Hiring someone even once/week might just give you enough energy to get
you through the worst of this time. (5) Some people also find that
co-sleeping during the worst of the frequent wakings works for them. It
really DOES come to an end eventually and although 6 months seems
completely impossible to imagine getting to at this point, your baby
WILL get to that stage when sleep training may take much easier
(believe me, I really DO get it, having had twin babies who woke up
every other hour — and NOT the same hour — througout the first 6
months, I feel your horror like I was there yesterday).
What do you
think? Words of encouragement or wisdom for N.? Anyone out there who sleep-trained during this age and was
thrilled with the results (I know you're out there because I've talked
to many of you)? Does anyone want to respectfully gasp in horror at my
recommendation to try sleep training at this age?

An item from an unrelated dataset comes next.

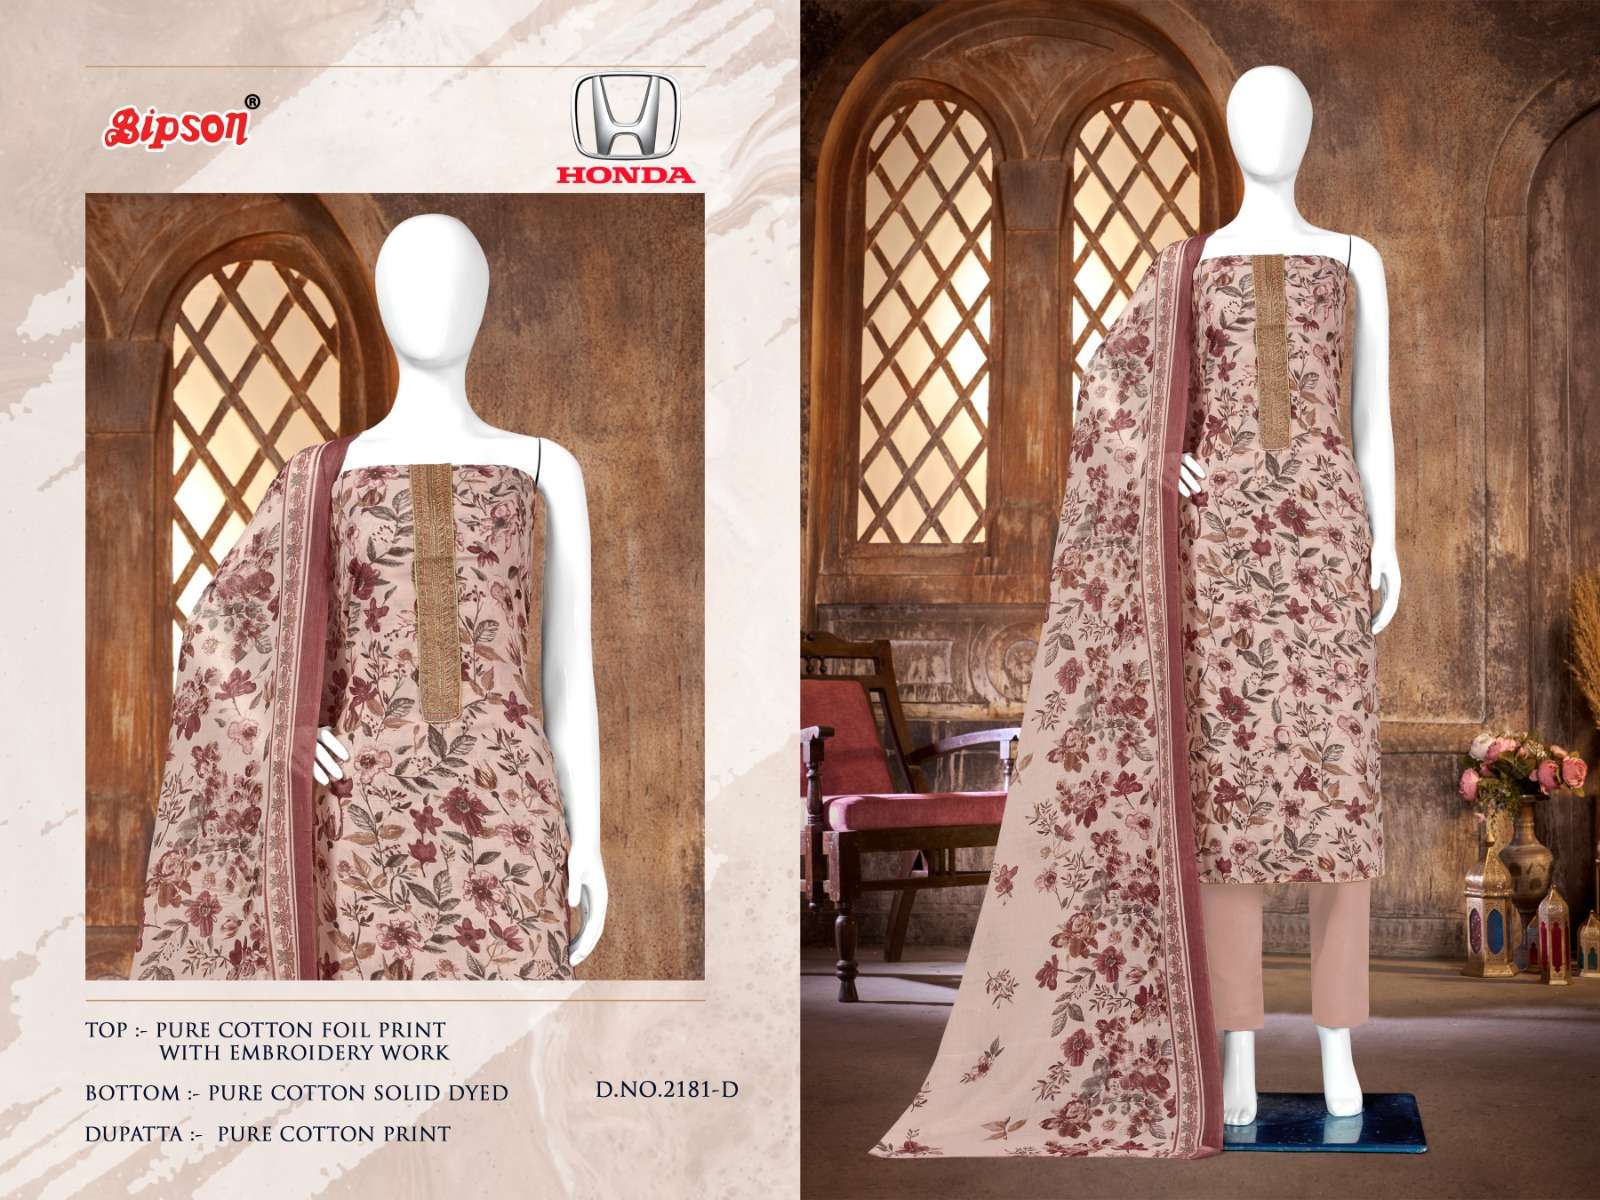 bipson prints honda 2181 series pure cotton designer salwar suits wholesale price surat
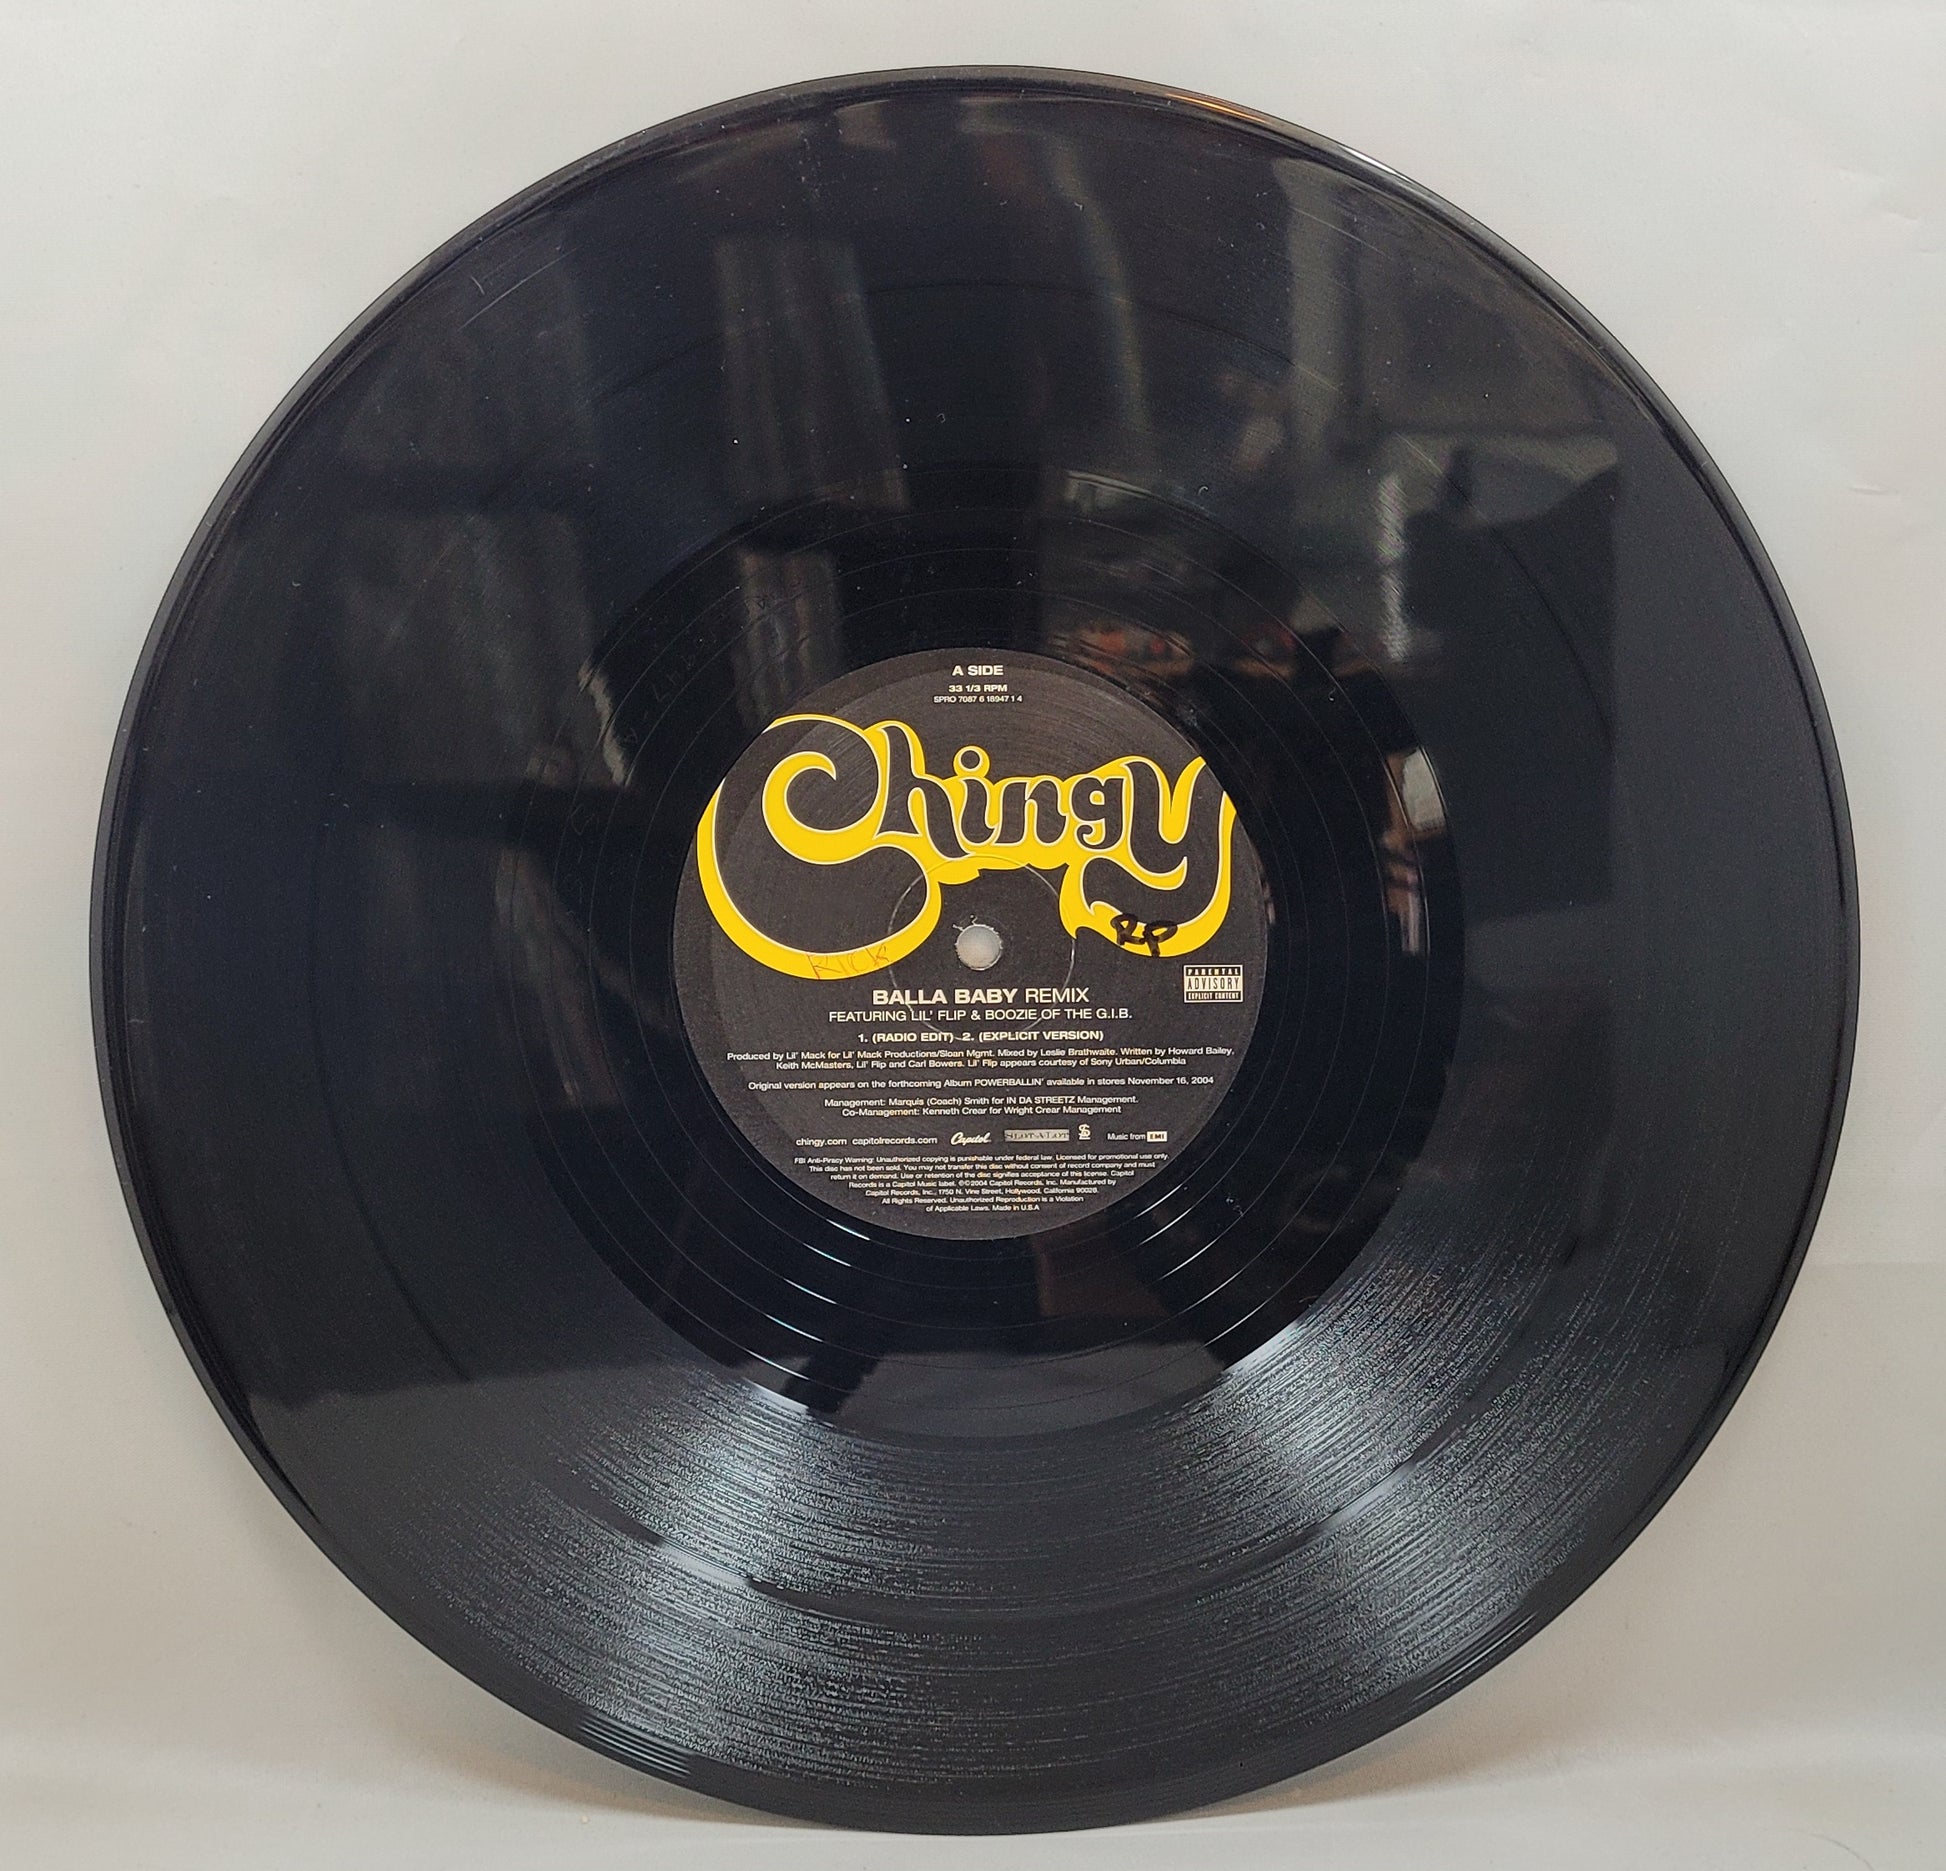 Chingy - Balla Baby (Remix) [2004 Promo] [Used Vinyl Record 12" Single]

Sleep training my first at this age WOULD have been horrible. She just wasn’t ready to learn how to self-soothe. She was almost 2 before she really started to figure that out, I think.
My second… well, I think it would have been fine. We didn’t do it then, but just recently weaned her off of one of her nighttime feedings- during the 5 month “no training” period. She is already a pretty good self-soother, and she’s not even 6 months old.
So I now think it really does depend on your kid. Which makes it soooo hard when you are a sleep deprived parent trying to figure out what to do!
I so, so empathize with your awakening twins.